Italy's coalition government comprises anti-establishment parties with a brief to shake up EU institutions while U.S. President Donald Trump has threatened allies with hefty tariffs on car imports in addition to unilaterally imposed metal duties.
The Berlin-based DIW think-tank said it cut its gross domestic product growth forecast for Europe's largest economy by 0.5 percentage points to 1.9 percent this year, and by 0.2 percentage points to 1.7 percent in 2019.
"Uncertainty arises mainly from growing concerns about some European countries, mainly Italy, and the possibility of an escalating trade conflict between the United States and the rest of the world," DIW said.
The uncertain business outlook is causing companies worldwide to scale back investments and this is putting the brakes on German export growth, DIW added.
"The situation in Italy is causing the fear of a resurgence of the euro zone debt crisis," DIW head Marcel Fratzscher said.

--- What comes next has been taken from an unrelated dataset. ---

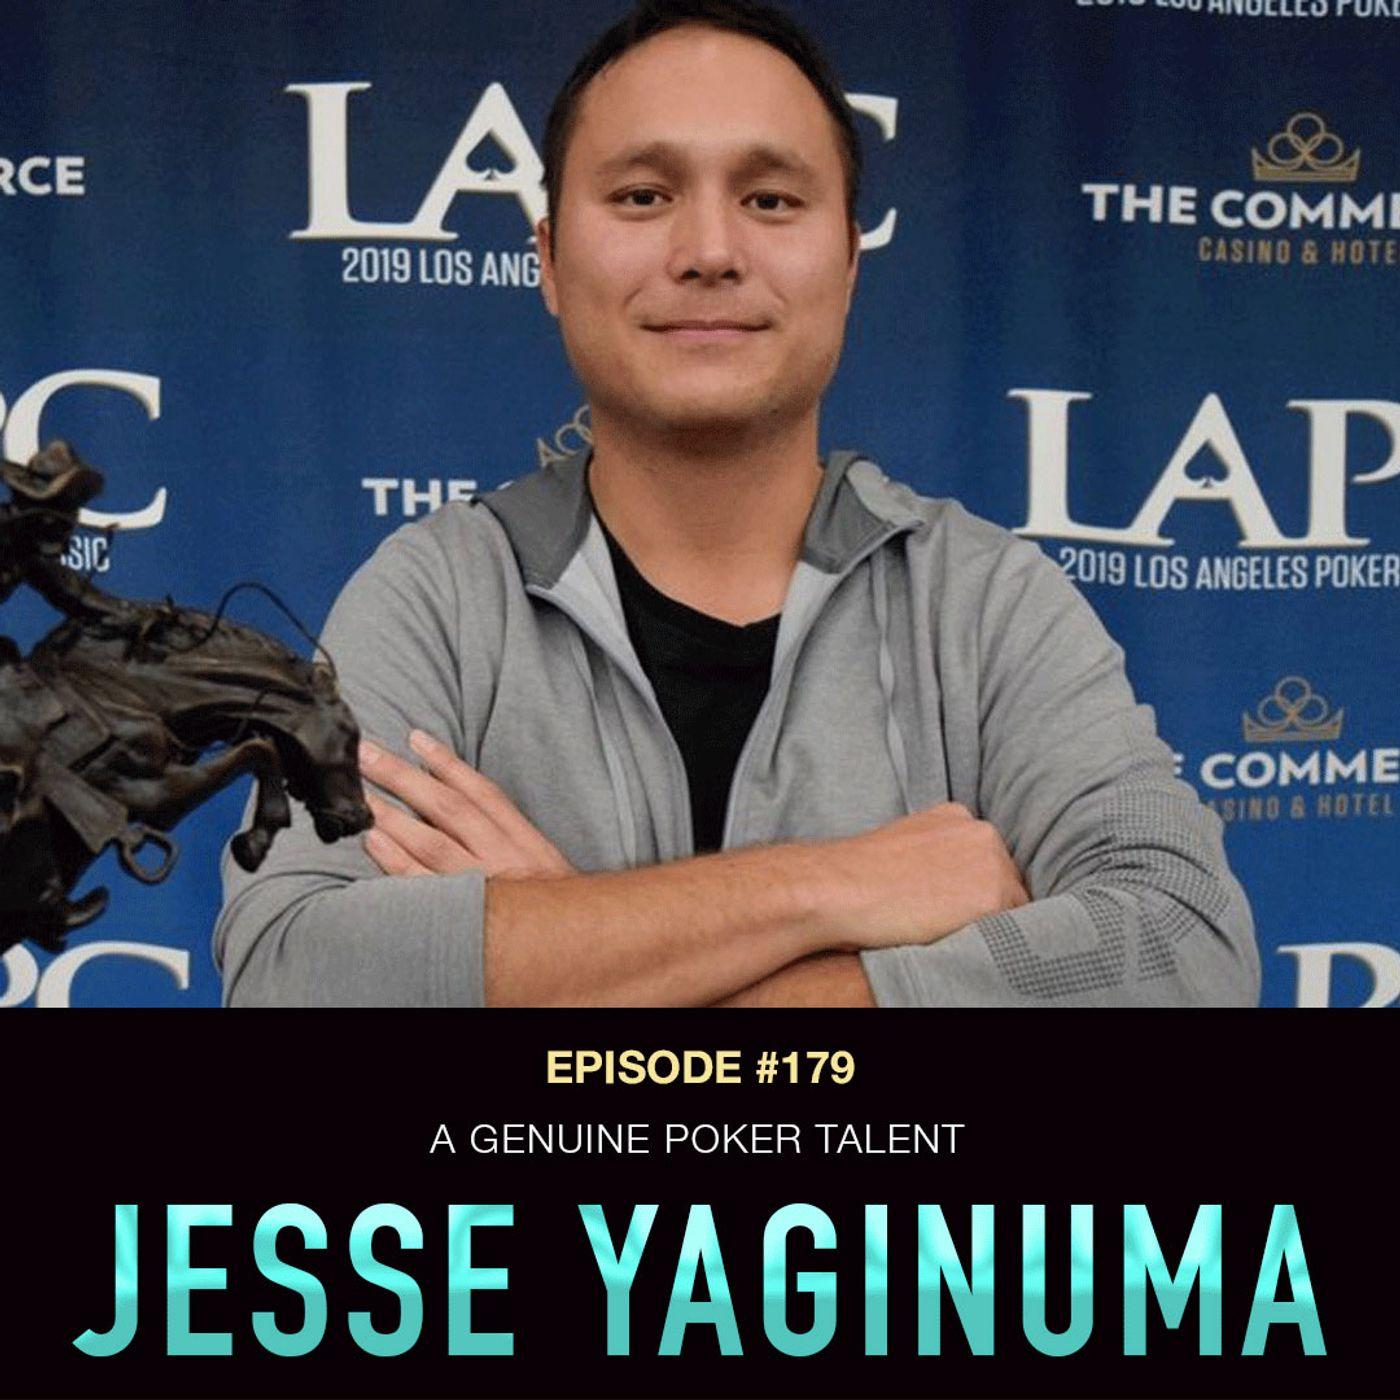 #179 Jesse Yaginuma: A Genuine Poker Talent
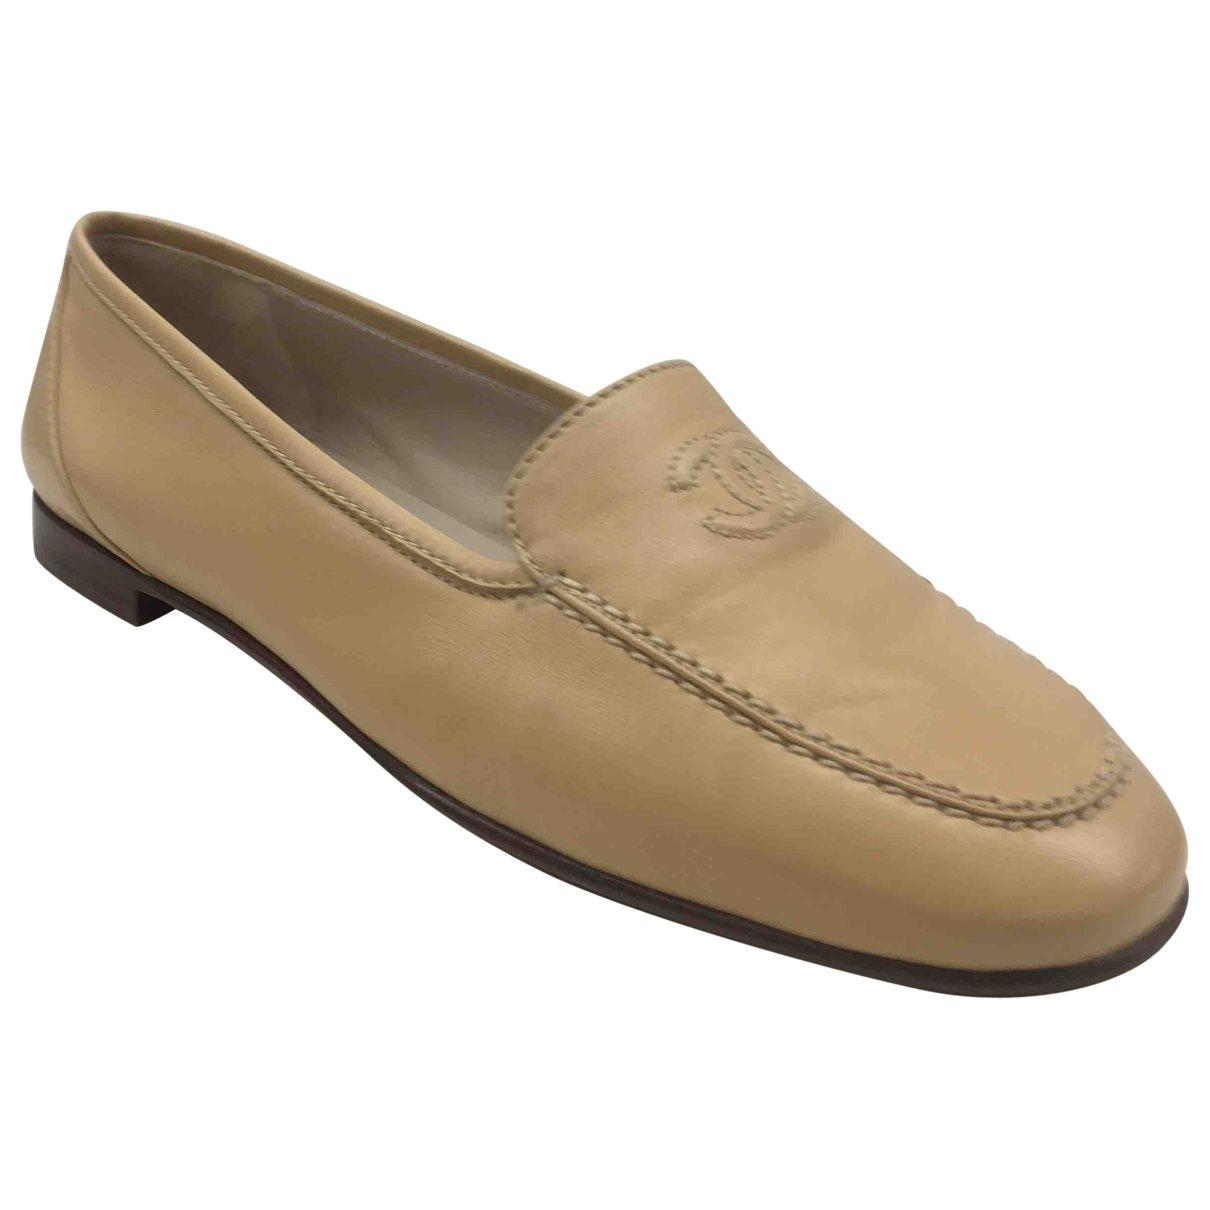 Chanel \N Beige Leather Flats for Women 38.5 EU

“It's a wake-up call for politicians in Europe, especially for the German government, to finally lean into the reform debate for a more crisis-prone Europe. "The proposals and options are on the table, now it's time for action. European nations have to put up a united front, also against Trump and his protectionism," Fratzscher said.
France and Germany, the euro zone's two biggest economies, want to agree a roadmap for European Union reforms by June 19 in order to present later to EU leaders at the June 27-28 summit.